A promise is a value waiting to exist. A task is the responsibility for producing it — and this chapter builds the engine that takes on that responsibility: the worker loop. It is the most important loop in the SDK, because it is where durability stops being a data model and becomes a running system that survives crashes.

The hard requirement the loop has to meet, stated once: a function can outlive the process that started it, and yet no two processes may ever drive the same execution at the same time. Those two facts are in tension — to be durable, work must be re-claimable by a new process; to be correct, it must never be doubly-claimed. The protocol resolves the tension with two mechanisms, and most of this chapter is learning to respect them: the version and the lease.

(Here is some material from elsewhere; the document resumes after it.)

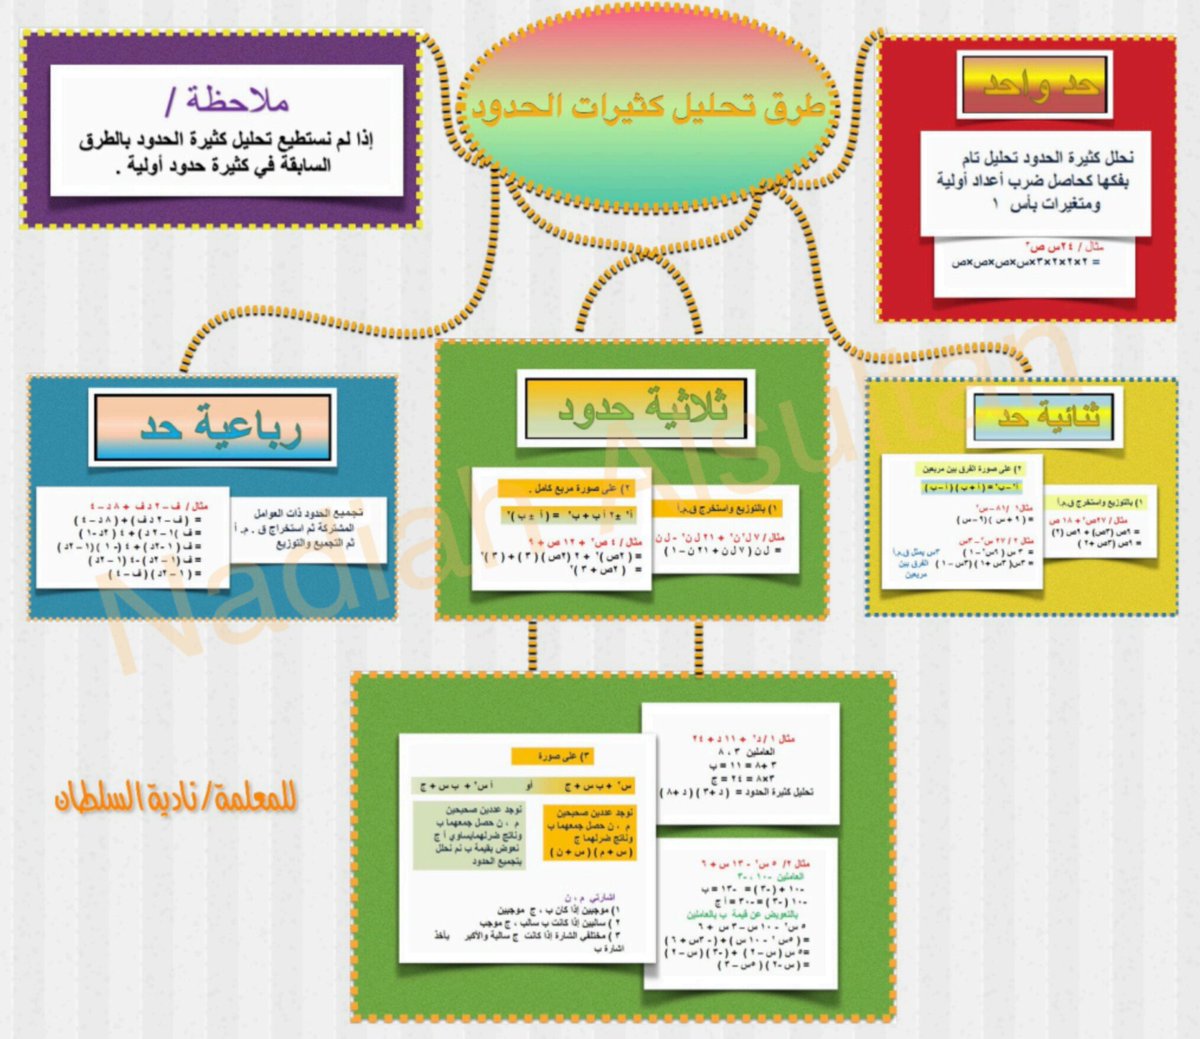 Nadiah Kmj En Twitter خريطة مفاهيم لطرق تحليل كثيرات الحدود للمعلمة نادية السلطان

What a task is, and when one exists#

A task and its promise share an id and are created together, but they are different objects with different jobs: the promise owns the value, the task owns the claim on producing it. Critically, a task exists only when work must be delivered to a worker — that is, when the promise carries a resonate:target tag. Create a promise without a target and there is no task; nobody is dispatched. Create one with a target and the server creates a task in pending and enqueues an execute message to the address.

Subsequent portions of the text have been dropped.